Its school immunization statute allows exemptions for both religious and personal belief. And it’s among 12 states—the others are Arkansas, Idaho, Maine, Minnesota, North Dakota, Ohio, Oklahoma, Oregon, Pennsylvania, Texas, and Utah—exhibiting a worrisome trend identified in a paper published recently in PLOS Medicine, a scientific journal. In these states, the proportion of families claiming personal exemptions has increased since 2009, and this trend is behind increasing non-medical exemption rates over the same period. In Arizona for the 2016-17 school year, these non-medical exemption rates stand at 9 percent for charter schools, 8 percent for private schools, and 4.2 percent for traditional public schools. Arizona’s publicly available data don’t account separately for religious and personal exemption.
Washington state is another troubling example. Its non-medical exemption rates for kindergarten students enrolled during 2016-17 rose to 8.4 in private schools and 3.5 in public schools (traditional public and about a dozen charter schools reported together), respectively. Among private schools, the exemption rate breaks down to 8.1 for personal belief and 0.3 for religious concerns. For public schools, the split is 3.3 and 0.2 percent.
Not surprisingly, both states are called out in the PLOS Medicine paper as the home of “hot-spot” metropolitan areas: Phoenix, Seattle, and Spokane. These areas have such high rates of non-medical vaccine exemptions that herd immunity is very tenuous. Moreover, neighborhoods in these areas that contain schools with extremely high exemption rates can be considered hot-spots within hot-spots, or to to use the archipelago analogy, particularly exposed peaks on islands vulnerable to outbreaks.
California’s story is quite different. Its median school rate of non-medical vaccine exemptions among kindergartners in the CDC’s 2016-17 school year exemption report was a mere 0.6 percent. Matched in apparent safety by Alabama, and surpassed only by D.C., this rate represents a vast improvement over those reported in the immediately preceding years. From 2008-09 to 2015-16, the belief-based exemption rates in the state’s charter, private, and traditional public schools hovered around 8.5, 4.5, and 1.8 percent, respectively. What happened in the wake of the 2015 measles outbreak is the basis for the first of four recommendations that follow from this geography of risk.
Four Recommendations
The 17 states still allowing personal exemption should follow the lead of California, which dropped the personal exemption in 2016. (California also put a halt to religious exemptions, but elected officials in other states may be wary of tangling with those for political reasons).
Second, states should commission independently produced, public-facing reports that detail trends in vaccine exemption down to the school and neighborhood levels; requirements placed on parents, including homeschooling ones seeking exemptions; qualifications of school or medical personnel involved in the exemption process; and increased monitoring for exemptions among homeschoolers.
Third, all states should collect kindergarten vaccination coverage data.
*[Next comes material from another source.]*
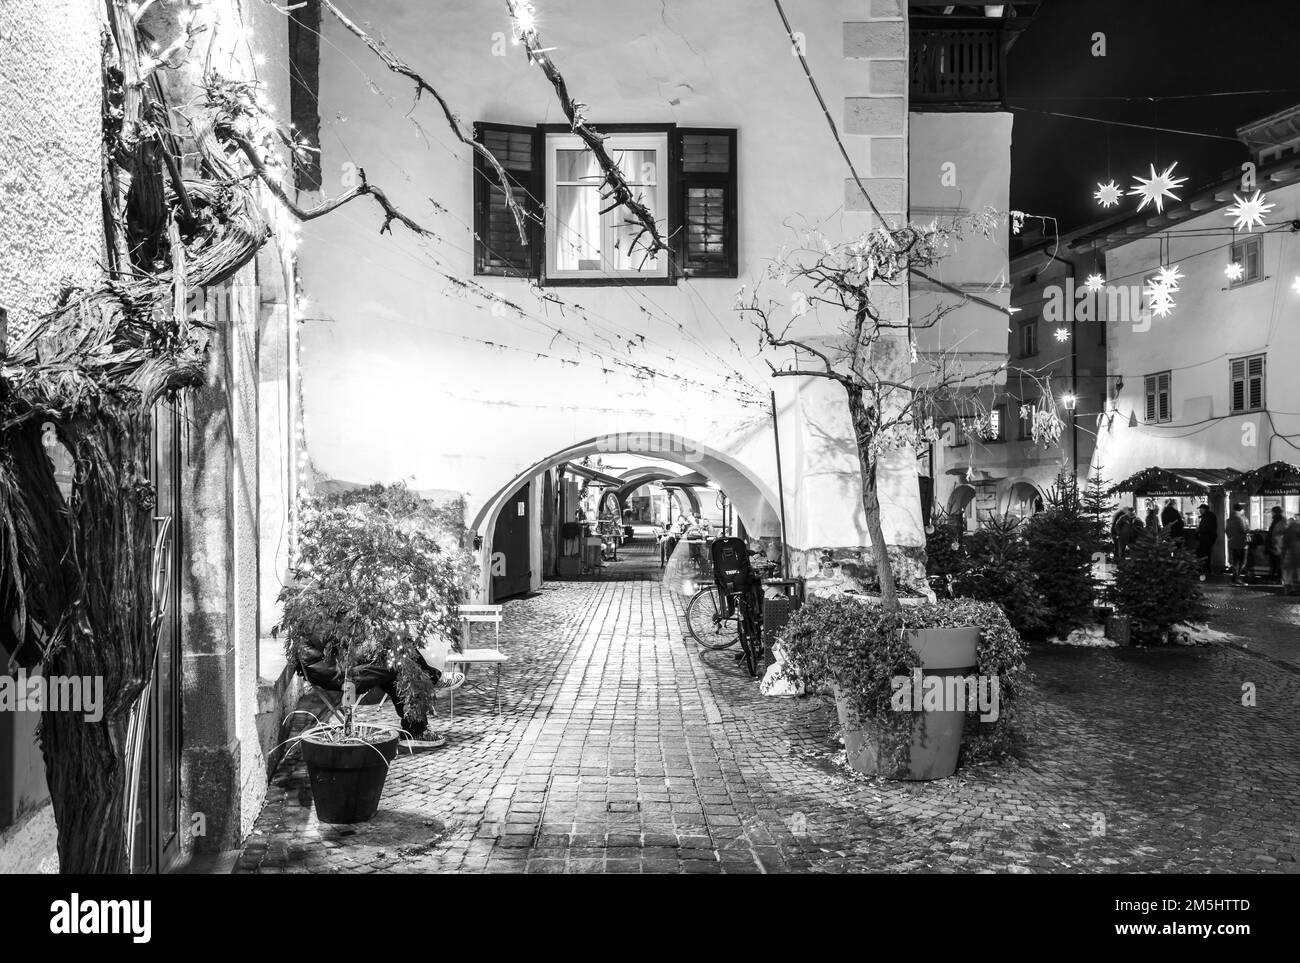 Egna in Südtirol (Neumarkt): Die berühmte Altstadt während des Weihnachtsfestes, Provinz Bozen, Norditalien, Europa - 22. dezember 2022 Stockfoto
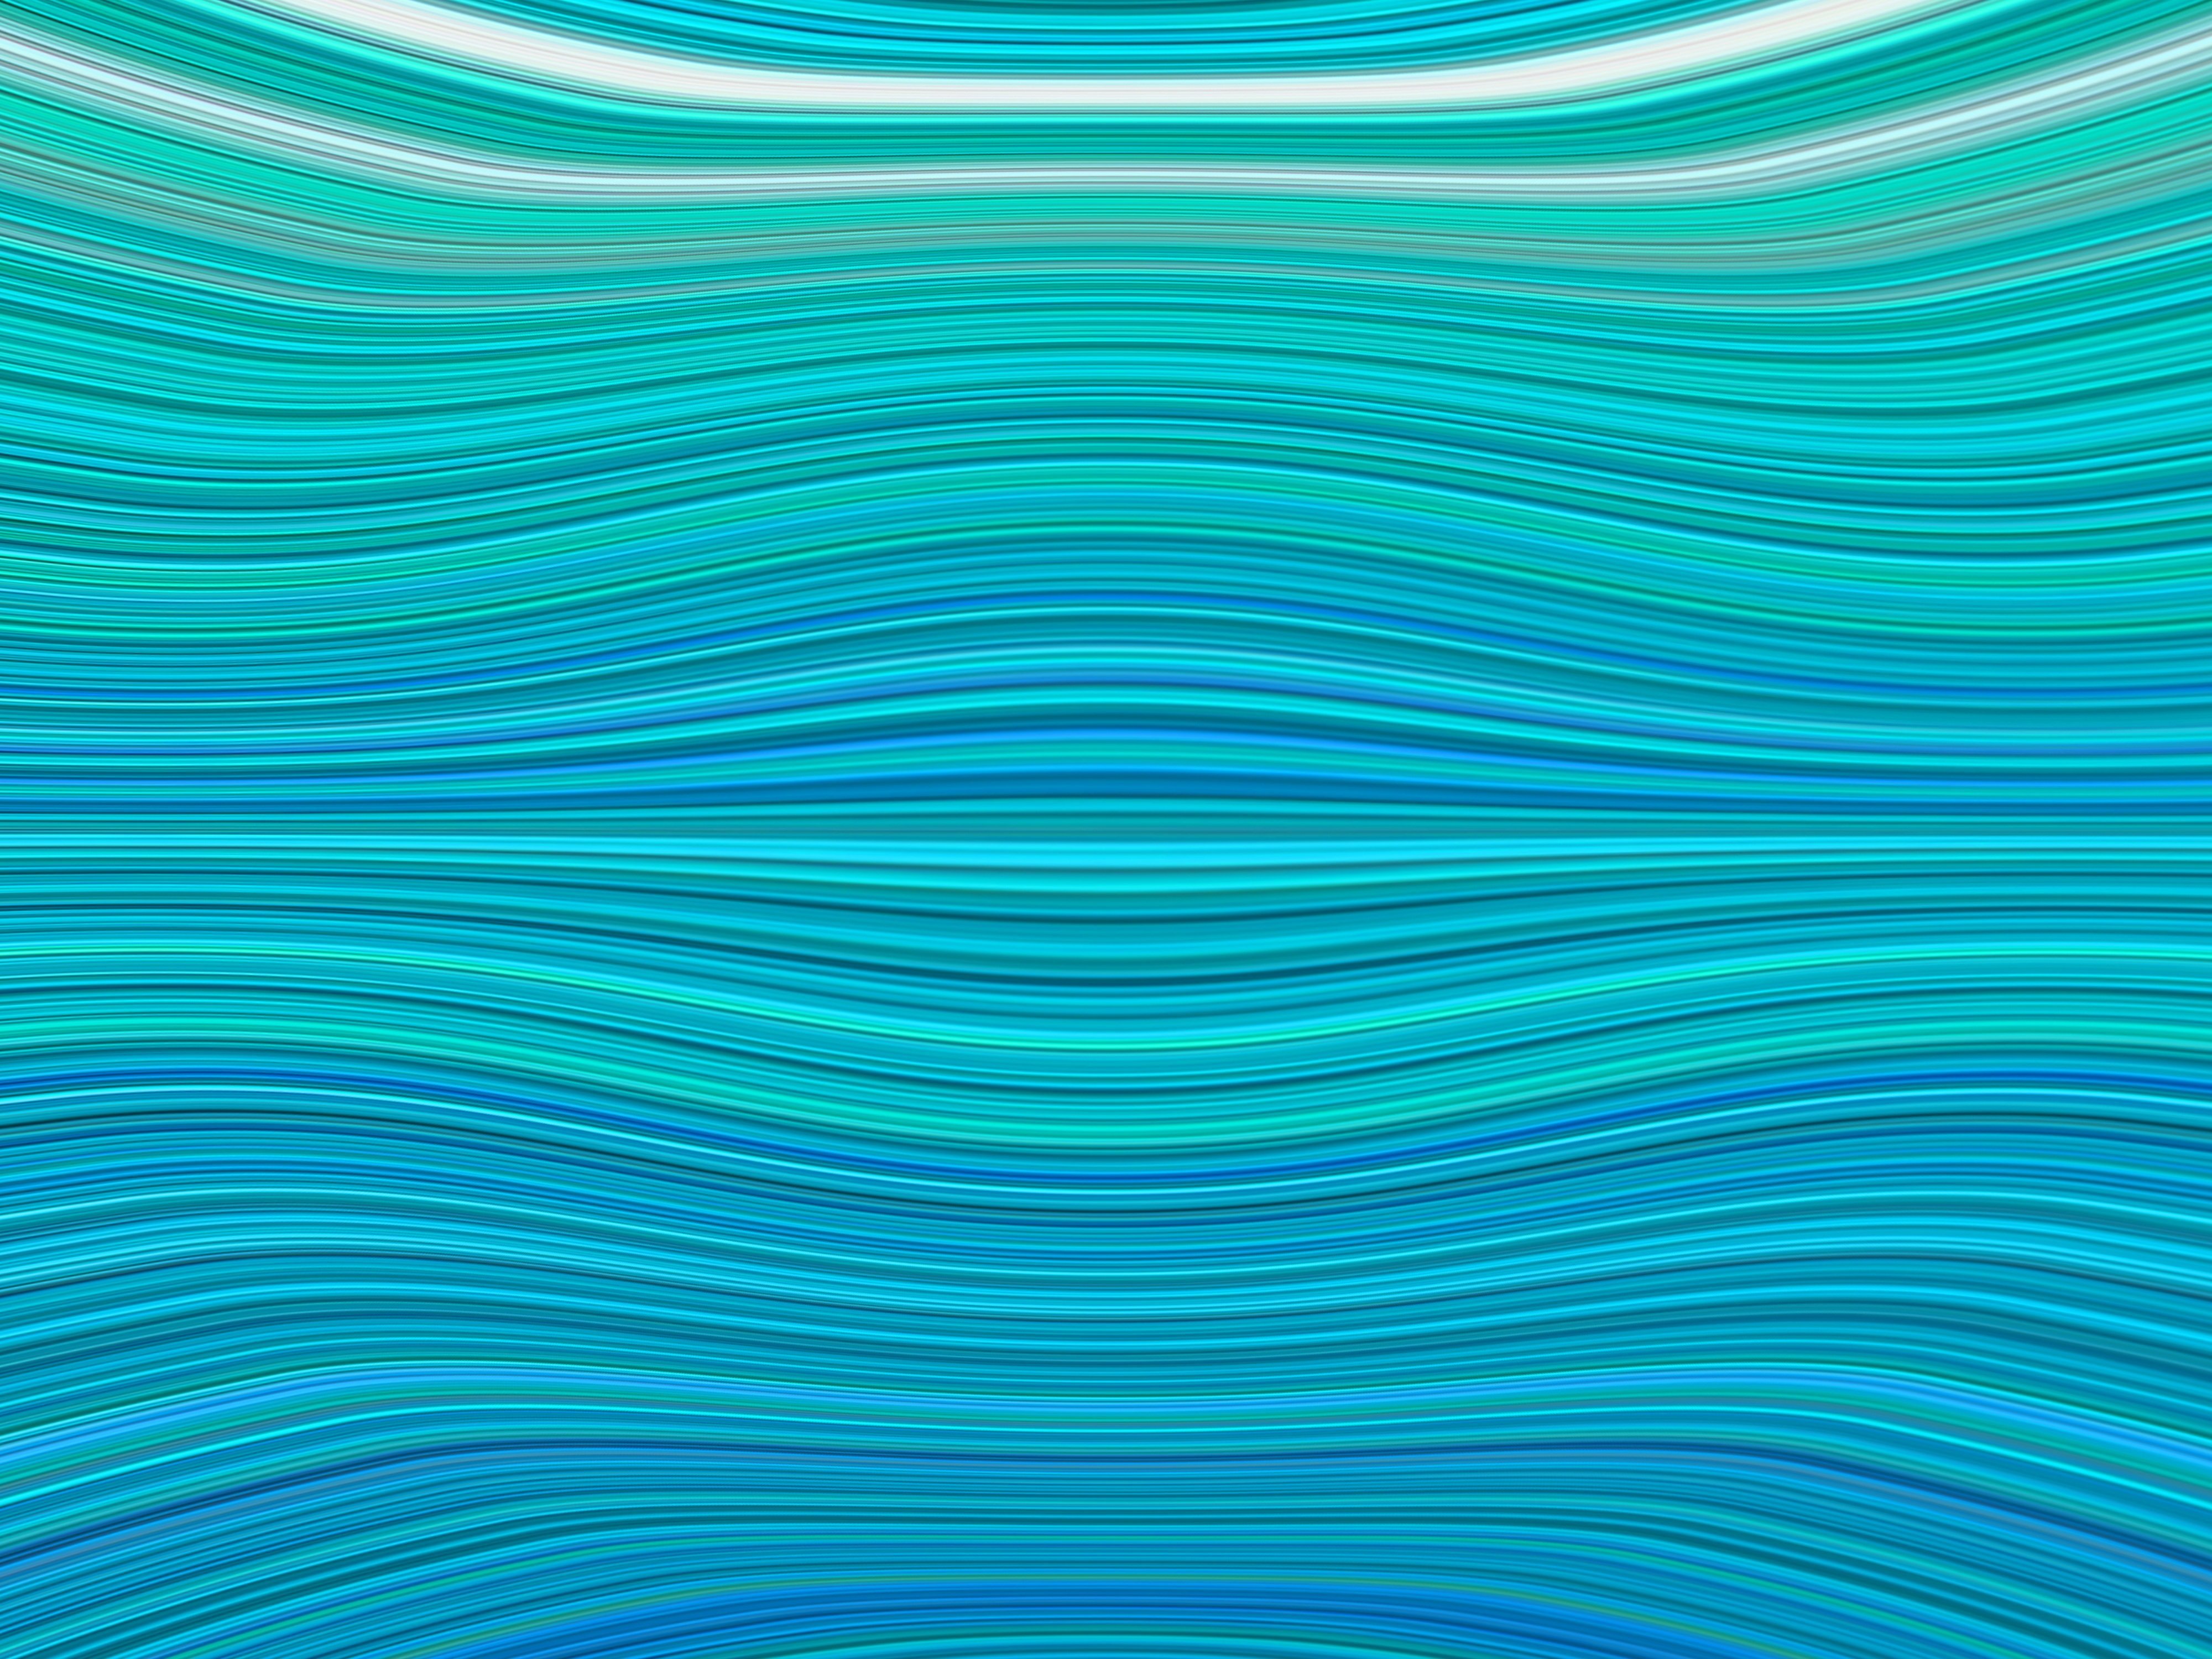 Цвет морской волны фон - 59 фото

Only 10 states and D.C. have subscribed to these standards, but many metropolitan areas and communities straddle state lines that outbreaks don’t honor.
Fourth, Congress should direct the departments of Education and Health and Human Services to form a joint task force to guide and monitor states’ progress on these recommendations, and perhaps analogous ones concerning pre-schools and institutions of higher education.
Less than 15 percent of the U.S. population has any memory of the warehouses full of people living in iron lungs or the race to develop a vaccine against polio in the 1950s, the kinds of image and drama that helped the country sustain satisfactory rates of vaccination against disease for decades. Hopefully, it won’t take a massive outbreak, or even a country-wide epidemic of a preventable disease, to bring vaccination rates—national, state, and local—back into safe territory.